What exactly do you expect to happen next?
That's not what the thread in question was. We were invited to join the discussion. If we had not been welcome to join the discussion, we would have stayed out of it.
Regarding the analogy:
it's not one but multiple connected rooms
the room with people in red shirts has suddenly decided to connect with the rooms with the less numerous blue and green shirts
it's not "someone" in a blue shirt, it's a significant number of people in blue shirts who think the red ones should simply return to their own room that they were perfectly happy with until now
https://lemm.ee/post/4543536
Where exactly do you see the invitation? I see "I am very interested to hear thoughts and responses from our own users."
go back to reddit. this is the fediverse, the entire point is that these are not, in fact, "separate" rooms. being connected is the default. that's why it requires a giant discussion to kick anyone out.
It was posted publicly to all federated communities and absolutely no indication was made that the majority of people to whom the post was sent were unwelcome to participate.
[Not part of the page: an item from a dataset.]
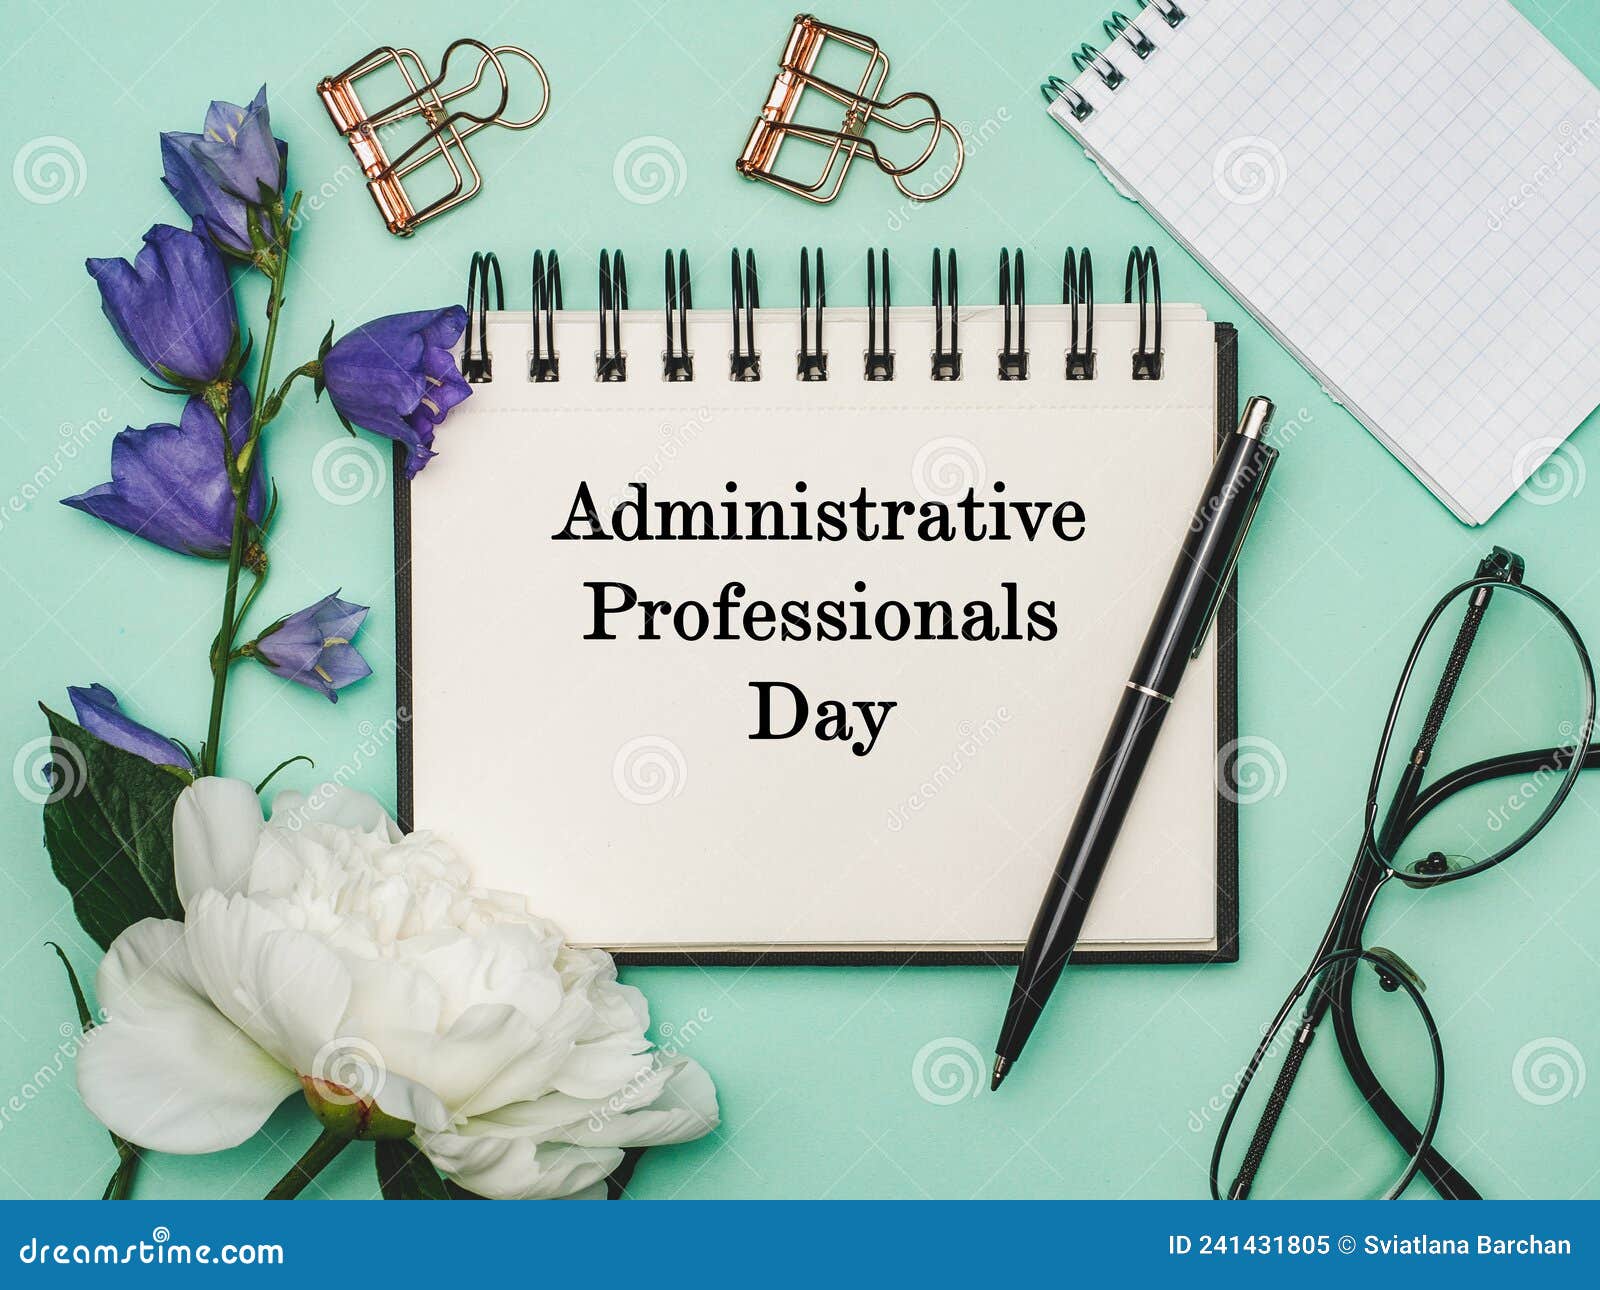 happy administrative professionals day. greeting card. close-up

On Hexbear, we have a rule that we have to leave meta discussions of other instances alone if they want us to. All the admin had to say was, "lem.ee users only" and we would've stayed out. If you refuse to take such a simple measure to restrict discussion to your own community, you do not actually want to restrict discussion to your own community.
And the admin didn't. You can go ask him. He was not trying to keep hexbear users out or in any way offended by the fact that we participated in the discussion. Why are you (a member of neither instance) offended on his behalf?